The overwhelming majority of student athletes know full well that they have no role in professional sports after college.  That USC treats its football players as an NFL breeder farm is because it is.  That UNC treats its basketball players as potential NBA material is because they are.  That's what they recruit, and they don't disappoint.  But, do you honestly think that ISU recruited and offered scholarship to Jared Allen because they knew him to be an All Pro in the NFL six years later?  Not hardly.  They did it because they knew that sports nuts like me would pay to see Travis Lulay face off against the fearsome Mr. Allen when Lulay was a Freshman Phenom.  People really love sports.  It inspires them.  That's why there's a culture of sports.  Very few are being manipulated by the money leagues.  Those of us support this culture of sports do so because of emotion not finance.

Answer me this:  what's the third most popular sports team in Montana behind The Grizzly football squad and the Carroll College Saints (and they are possibly ahead of the Saints)?  Times up, so I'll answer:

The Lady Griz Basketball Team.  The reasons for that should be obvious, and they have nothing to do with developing players for professional sport.


good points... (0.00 / 0)
...I had actually written this dang post a number of times, and in one draft, I talked about how states' taxpayers have no problem supporting these teams.

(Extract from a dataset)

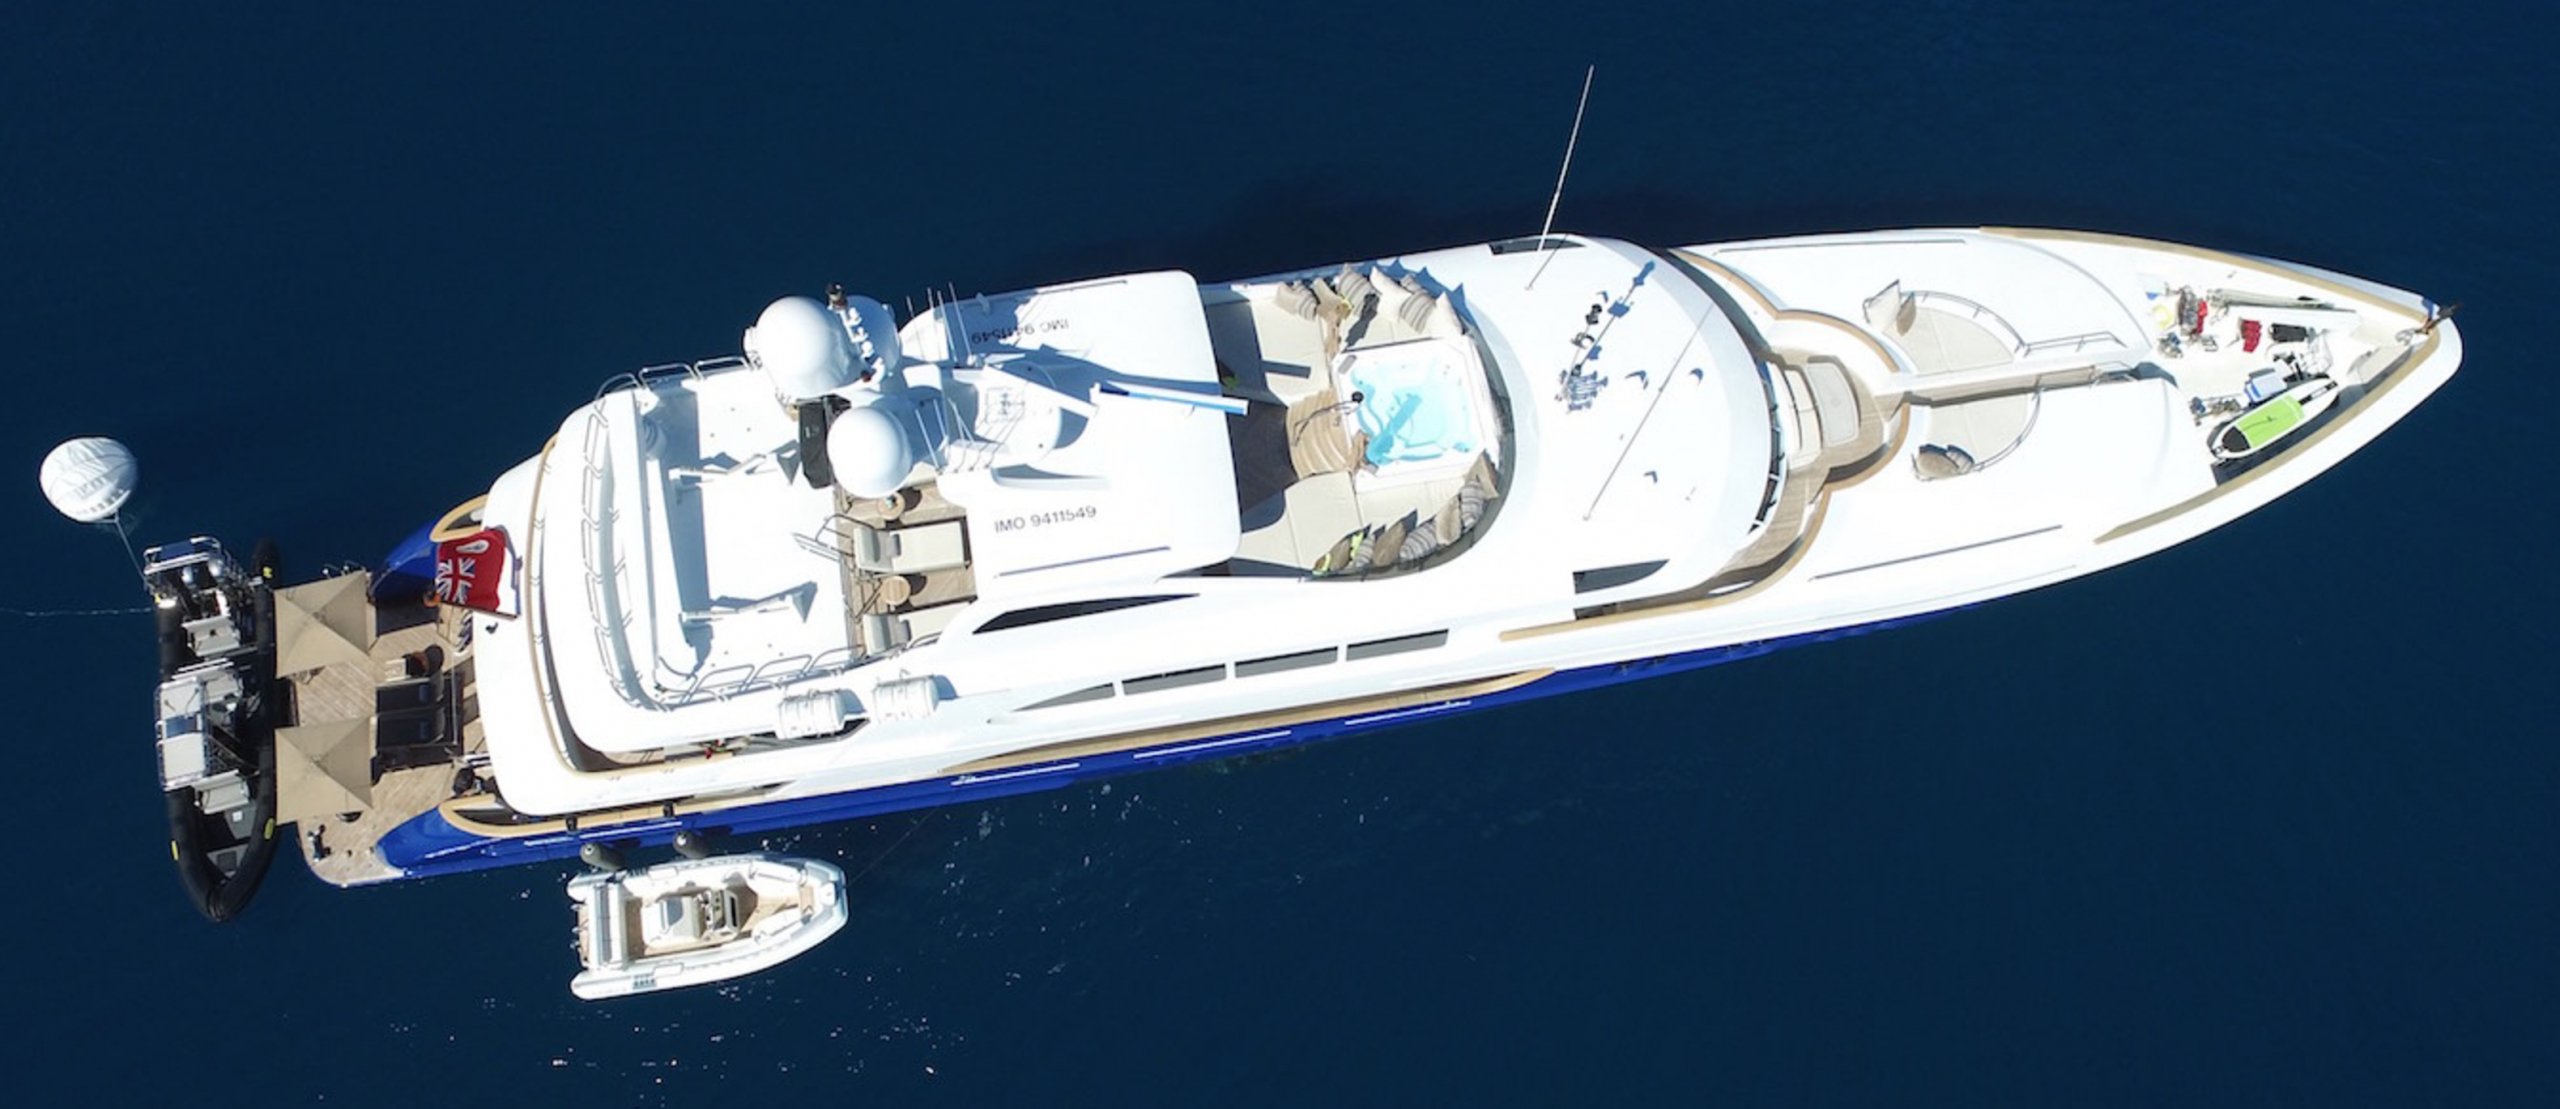 yacht La Dea II – Trinità – 2007 – Shlomo Dovrat

But wouldn't the love of sports support, say, local development leagues? I just question the assumption that universities have to be the place where this competition occurs.

Having worked as an instructor at a university (and about to teach here in Erie at a Penn St campus), it's appalling how the money is distributed, which program get the most funding and the new buildings. It's all about revenue. At the U of MT, the gym is a state-of-the-art, multi-million $$ facility, while the Fine Arts building was an asbestos-laden, leaky rat trap.

I assume you've seen similar things at st.

And now I'm ranting against ingrained cultural institutions, the way that greed and the "free market" has wormed its way into every aspect of our lives, and which has transformed colleges and universities from places where education is valued first into a kind of quasi-educational camp for 18 to 22 y.o.s...

/rant


[ Parent ]
Sports should be club teams (0.00 / 0)
When I was a student at UM, I didn't attend any sporting events (although that was partly due to having to work), but I still had to shell out ~$200 per semester in athletic fees which went to support the athletic department.  That was the only fee I had to pay which did not in some way advance my education. I didn't go to college to watch football or women's basketball, I went to learn.  

I don't have a problem with the sports teams being there.  I just don't like that they recieve a big chunk of their funding from student fees and out of the general fund.  The athletic associations solicit funds for student scholarships, so there's already a mechanism in place for acquiring the funding sports teams need.